Fellow of ACRM
The ACRM Fellows Committee and Board of Governors are pleased to recognize Dr. Andrea Cheville for her outstanding record of professional service to ACRM and for the nationally significant contributions she has made to the field of medical rehabilitation by conferring on her the designation of ACRM Fellow.
Please join us in congratulating Dr. Cheville. She will be recognized for her achievement at the Henry B. Betts Awards Gala on 28 September during the ACRM 2021 VIRTUAL Annual Conference. All registered attendees are welcome and encouraged to attend.
ABOUT ANDREA CHEVILLE
Dr. Cheville received an MD degree from Harvard Medical School and a Masters in Clinical Epidemiology from the University of Pennsylvania. She completed her Physical Medicine and Rehabilitation residency at the Kessler Institute for Rehabilitation, as well as a Pain and Palliative Care Fellowship at Memorial Sloan Kettering Cancer Center. Dr. Cheville has served as Director of Cancer Rehabilitation and Lymphedema Services for the University of Pennsylvania Medical Center as well as the Mayo Clinic, Rochester. Currently, she serves as the Chair of Physical Medicine and Rehabilitation at the Mayo Clinic in Rochester, MN.

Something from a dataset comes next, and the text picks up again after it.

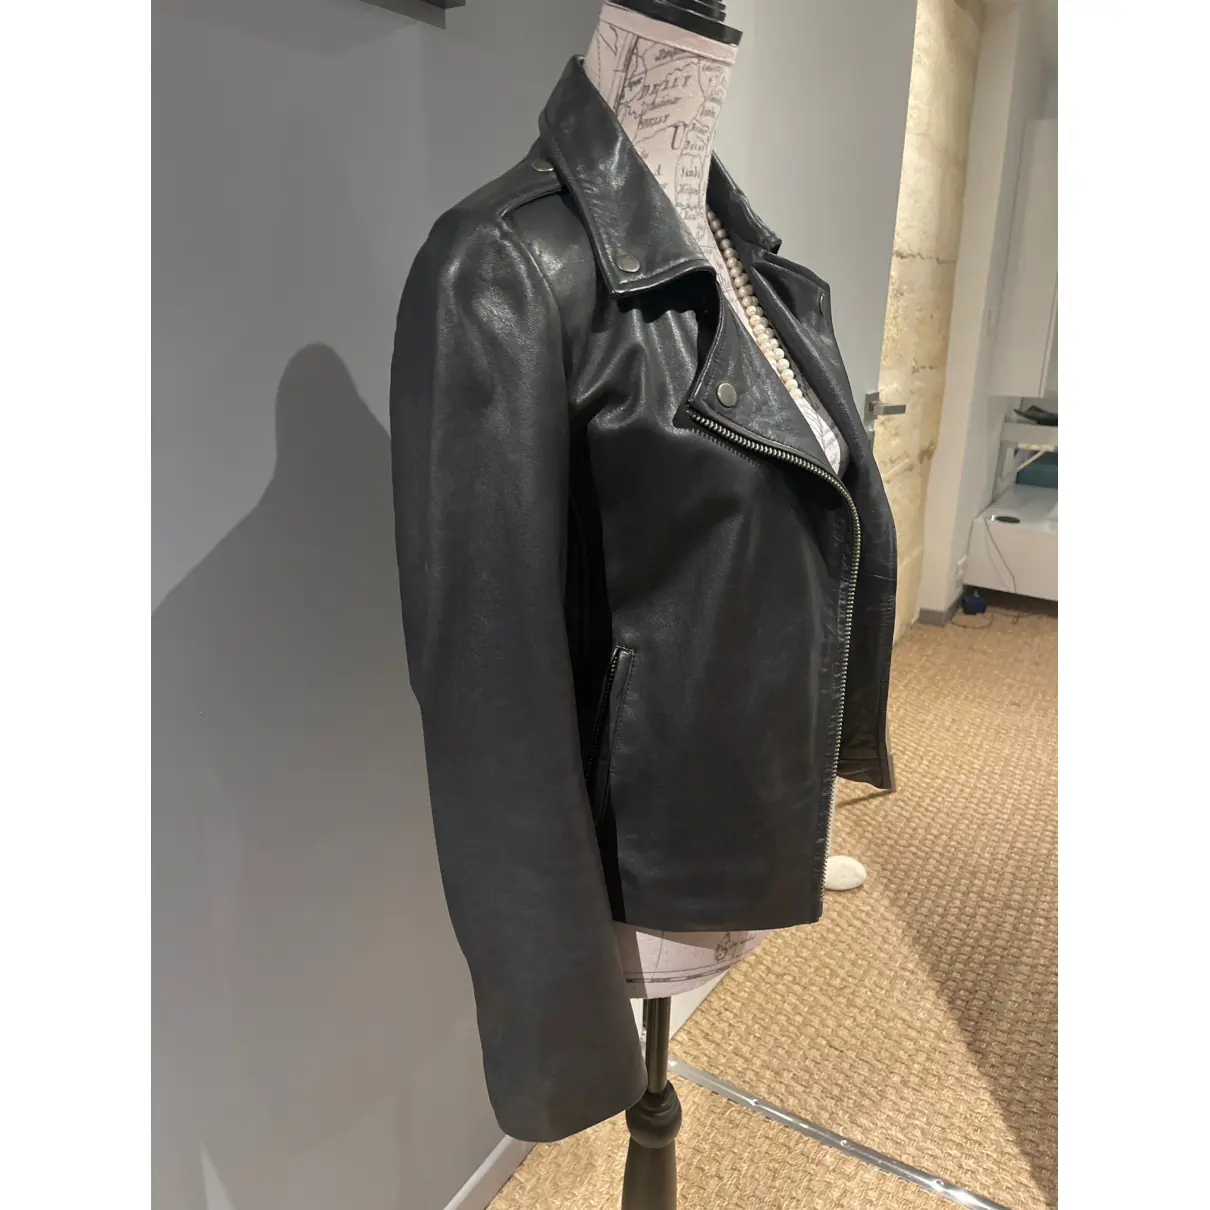 Buy SERGE PARIENTE Leather jacket online

As a health services researcher, Dr. Cheville has developed cost-sensitive and patient-centric strategies for the delivery of rehabilitation services to patients with complex medical conditions. She has characterized the factors responsible for functional loss among people with cancer, demonstrated their widespread under-treatment, and developed scalable strategies to effectively address them. She has additionally developed novel patient-reported outcomes to direct rehabilitation service provision to hospitalized patients, and conducted over 20 randomized controlled trials which have been published in the New England Journal and JAMA.
She currently serves as the principal investigator on three National Institutes of Health grants. Dr. Cheville is board certified in Physical Medicine and Rehabilitation, Pain Medicine, and Hospice and Palliative Medicine. In 2016 she was elected to the National Academy of Medicine, formerly the Institute of Medicine.